A Bit of Freedom Goes a Long Way - Quantum and Classical Algorithms for Online Learning of MDPs under a Generative Model

Explore a conference talk presenting novel classical and quantum online algorithms for learning Markov Decision Processes (MDPs) in both finite-horizon and infinite-horizon average-reward settings. Discover how researchers Andris Ambainis, Joao F. Doriguello, and Debbie Huey Chih Lim developed algorithms based on a hybrid exploration-generative reinforcement learning model that allows agents to interact with environments through generative sampling or "simulator" access. Learn how these approaches avoid traditional reinforcement learning paradigms like "optimism in the face of uncertainty" and "posterior sampling" by computing and using optimal policies directly, resulting in superior regret bounds compared to previous work.
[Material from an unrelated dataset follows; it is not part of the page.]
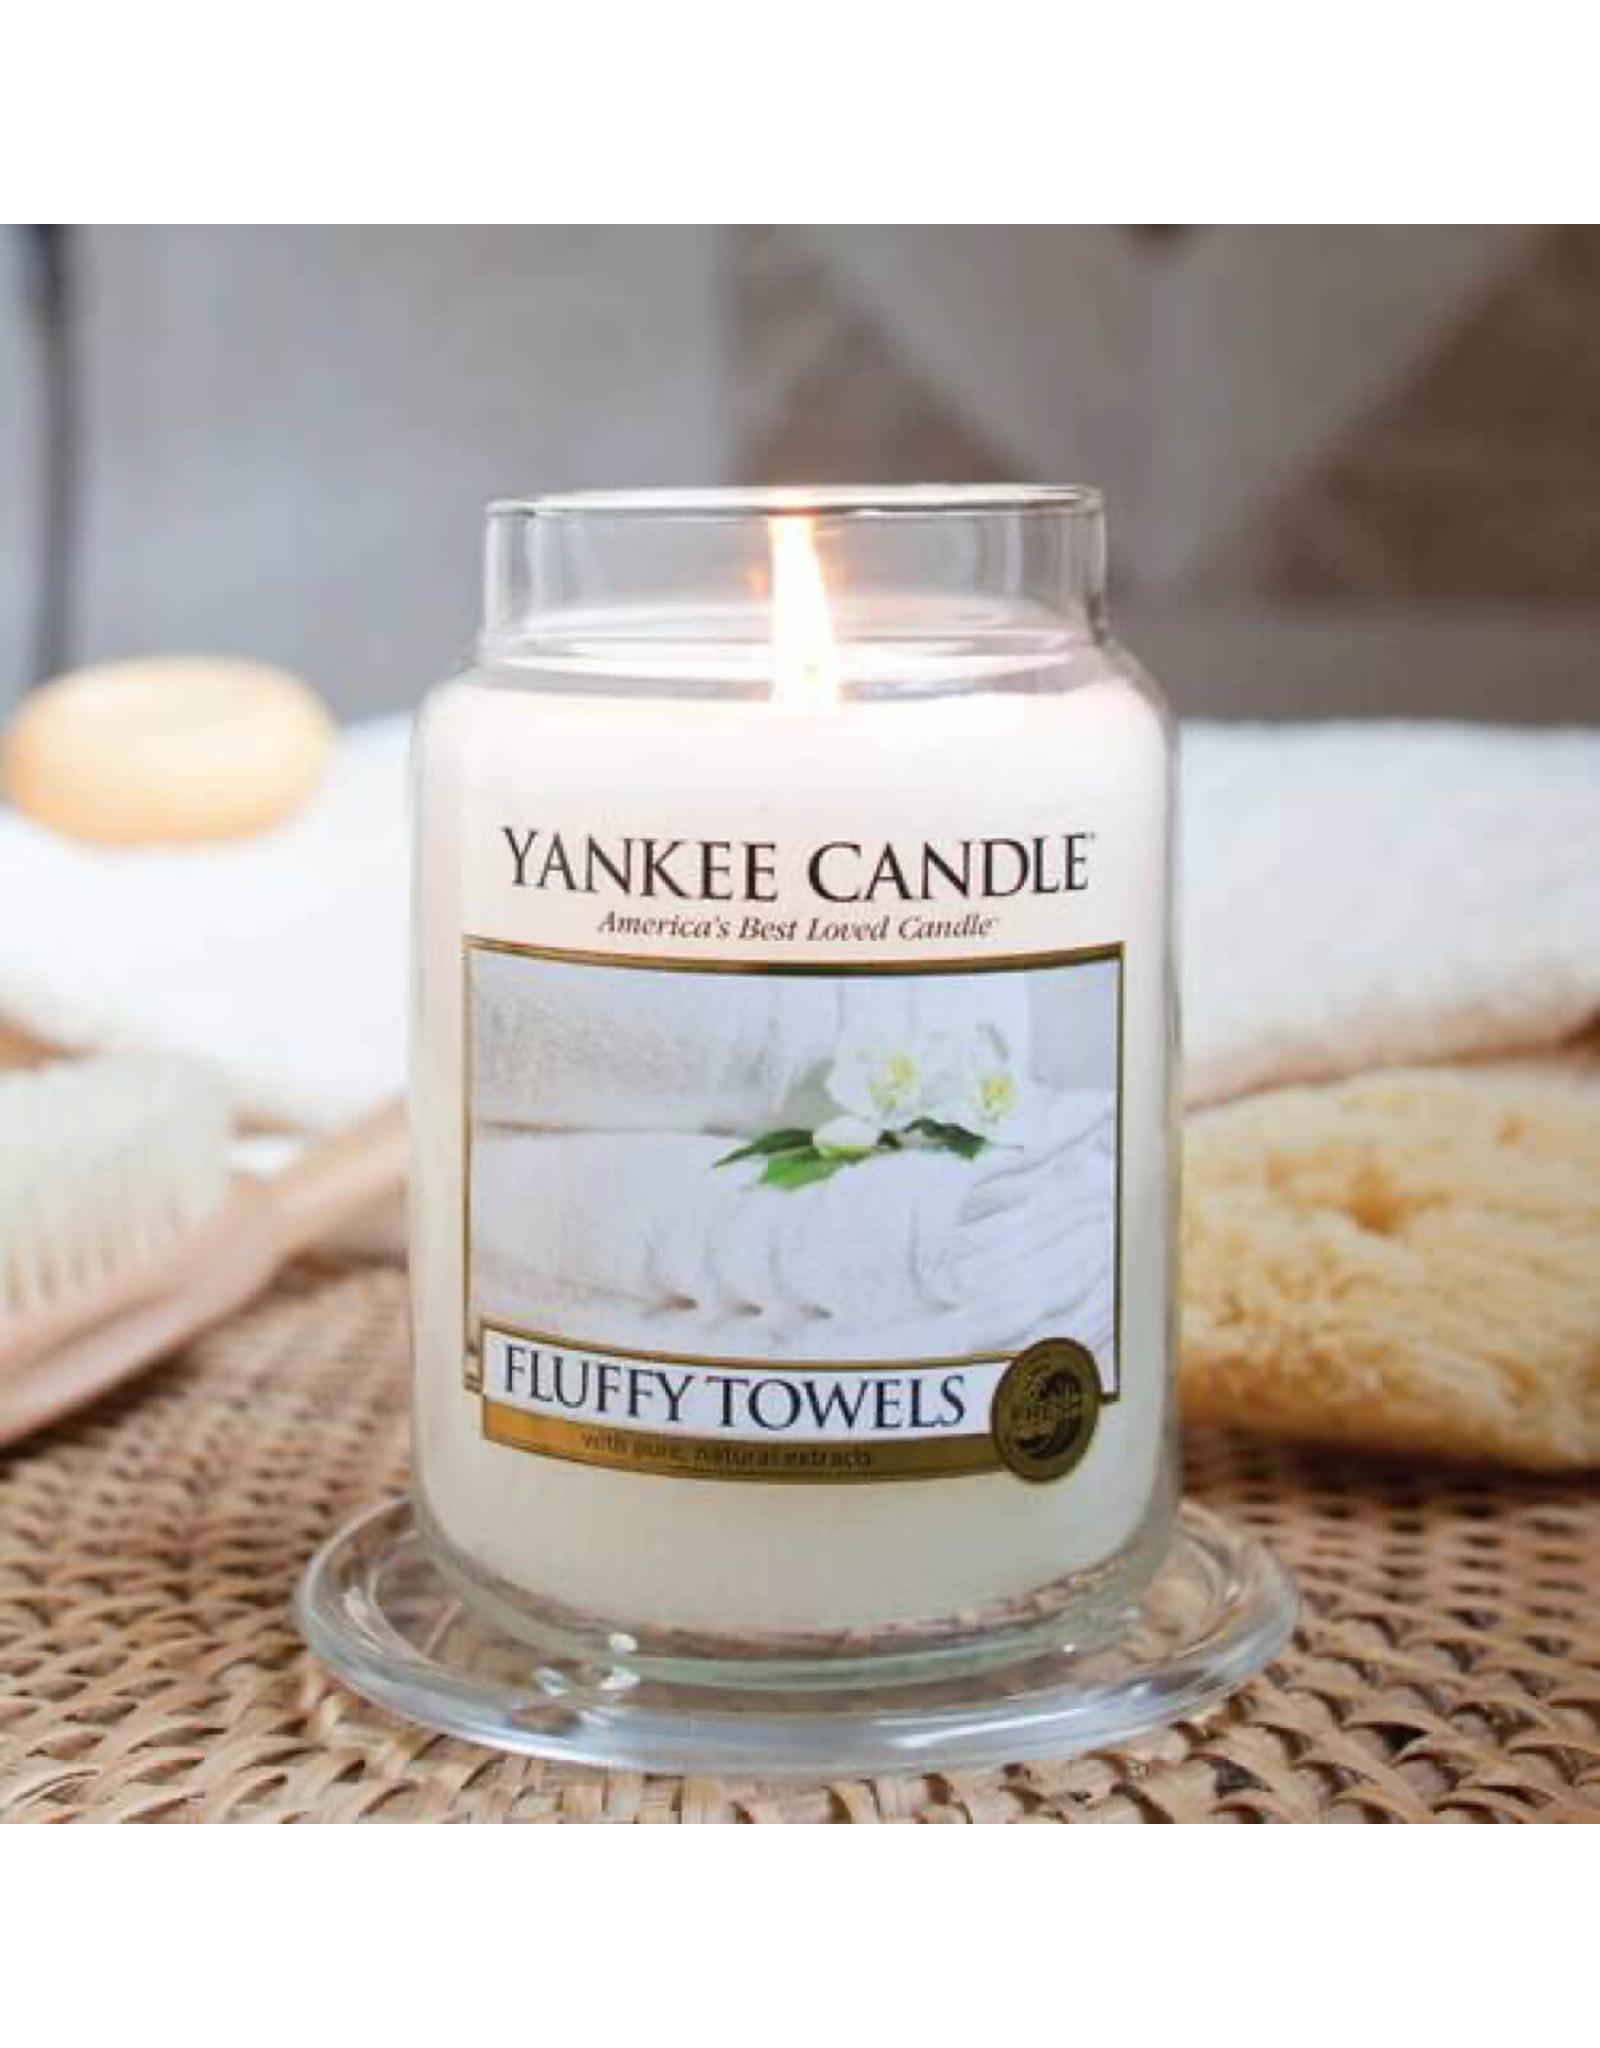 Yankee Candle Yankee Candle Large

Understand how the quantum algorithm for finite-horizon MDPs achieves regret bounds that depend only logarithmically on the number of time steps T, breaking the classical O(√T) barrier while improving dependence on state space size S and action space size A parameters. Examine the infinite-horizon MDP results where both classical and quantum bounds maintain Õ(√T) dependence but with enhanced S and A factors, and discover the novel regret measure for infinite-horizon MDPs that enables the quantum algorithm to achieve poly-logarithmic T regret, exponentially outperforming classical algorithms. Gain insights into how these results extend to compact continuous state spaces, presented at the Quantum Techniques in Machine Learning (QTML) 2025 conference in Singapore.